Tajemnice sędziego, agenta Łukaszenki » więcej w Gazecie Polskiej! CZYTAJ TERAZ »

Prezes PiS o rzekomym „demontażu Unii”: Oszustwo, manipulacja i nic więcej

Prezes PiS Jarosław Kaczyński odniósł się do tematu, który dziś rano rozgrzał media. Mowa o wywiadzie "Rzeczpospolitej" z Marie Le Pen i "demontażu Unii Europejskiej".

twitter.com/pisorgpl
Prezes PiS Jarosław Kaczyński odniósł się do tematu, który dziś rano rozgrzał media. Mowa o wywiadzie "Rzeczpospolitej" z Marie Le Pen i "demontażu Unii Europejskiej". - Sugestie, że chcemy wyprowadzić Polskę z Unii Europejskiej to oszustwa i manipulacje i nic więcej – zaczął Jarosław Kaczyński. Jednocześnie dodał, że ci, którzy mówią o Europie dwóch prędkości mogą doprowadzić do niebezpiecznej sytuacji.
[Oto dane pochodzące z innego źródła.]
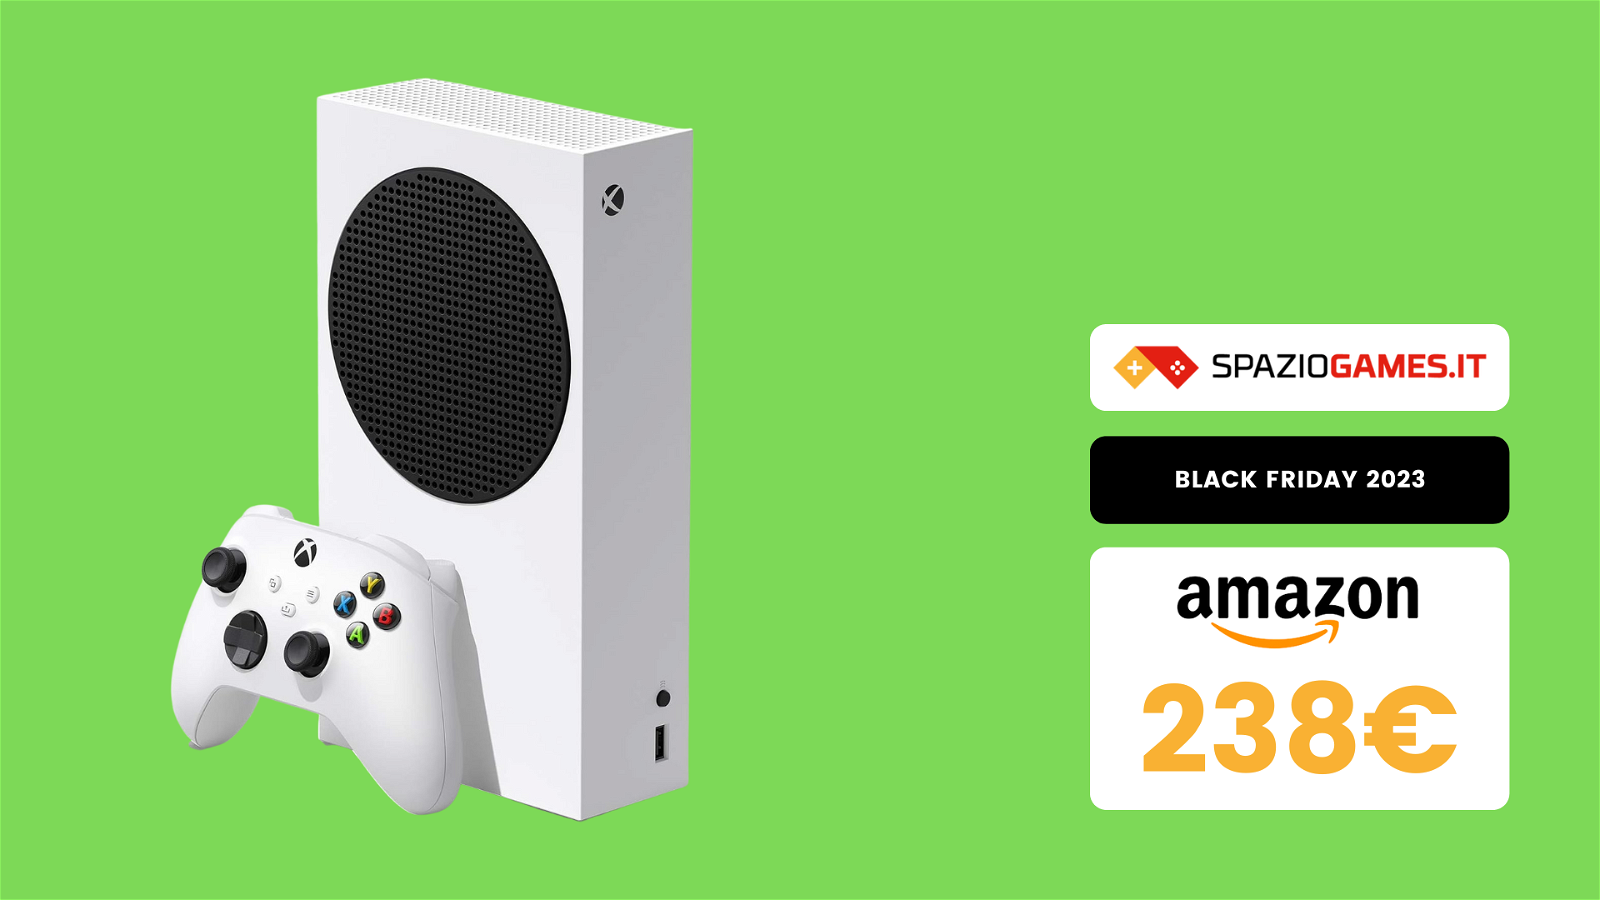 Xbox Series S a un prezzo STRACCIATO al Black Friday: solo 238€!
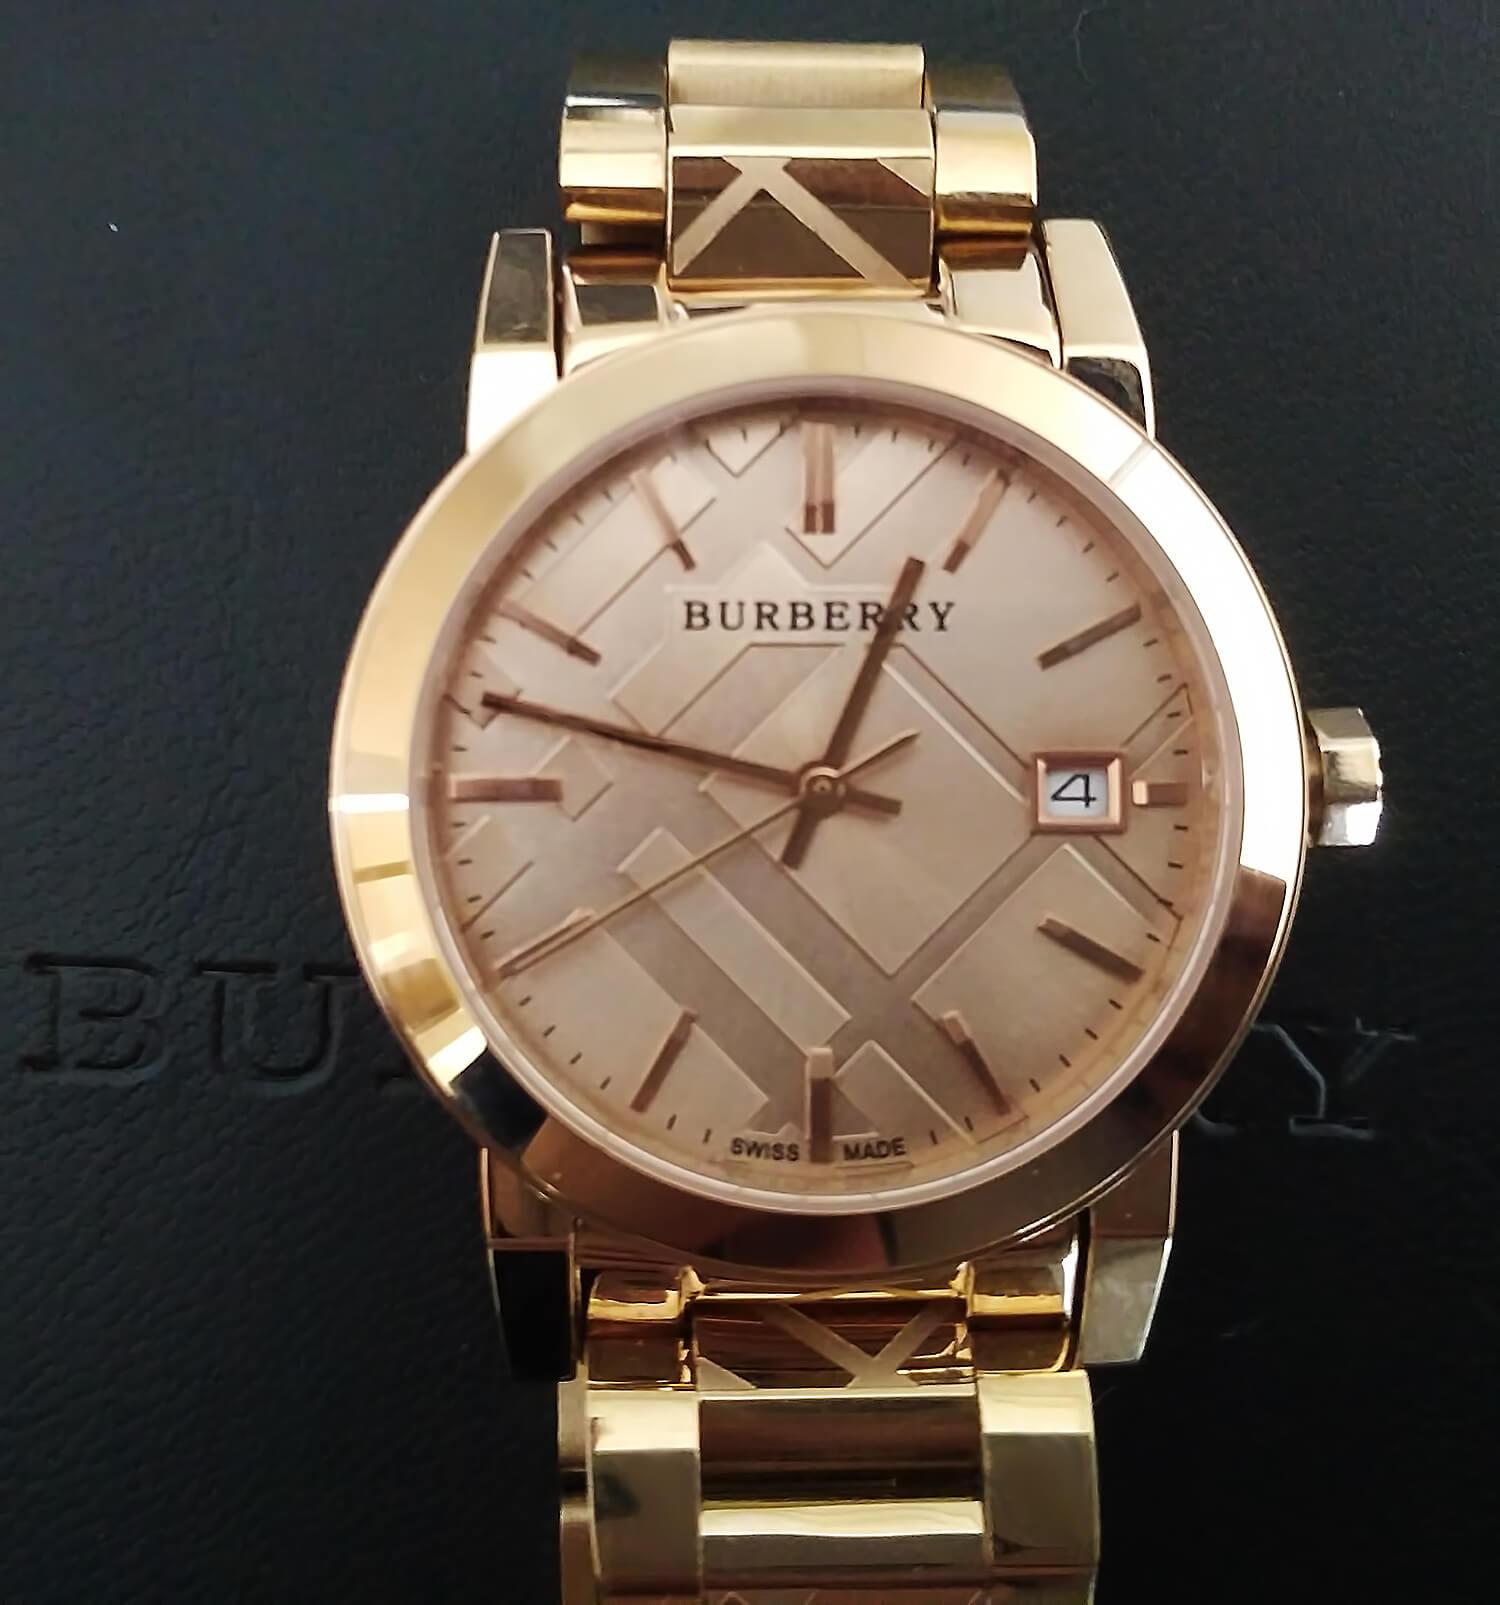 Циферблат часов Burberry City Unisex Watch оформлен в лаконично-элегантном стиле и декорирован геометрическим рисунком

Od rana większość serwisów internetowych podjęła rzekome słowa Marine Le Pen o demontażu Unii.

"Jeśli wygram, podejmę współpracę z Kaczyńskim w demontażu Unii" - te słowa zacytowała "Rzeczpospolita", później Polska Agencja Prasowa, a po nich niemal wszystkie portale. Odniósł się do tego Jarosław Kaczyński.
 

Już w czasie briefingu powiedziałem o wyprowadzaniu Polski z Unii Europejskiej krótko: bzdura. I powtarzam to. Wszelkiego rodzaju sugestie, że my chcemy sami czy z panią Le Pen – z którą mamy tyle samo wspólnego co z panem Putinem – wyprowadzać Polskę z UE są po prostu oszustwem, manipulacją i niczym więcej. Są nadużyciem i chciałem to bardzo wyraźnie powiedzieć. Każdy, kto się posługuje tego rodzaju stwierdzeniami, po prostu kłamie, manipuluje, wprowadza w błąd opinię publiczną. To zdjęcie, które jest na okładce „Newsweeka” to kolejny dowód, w którą stronę idzie tego rodzaju dziennikarstwo

– powiedział Jarosław Kaczyński na briefingu.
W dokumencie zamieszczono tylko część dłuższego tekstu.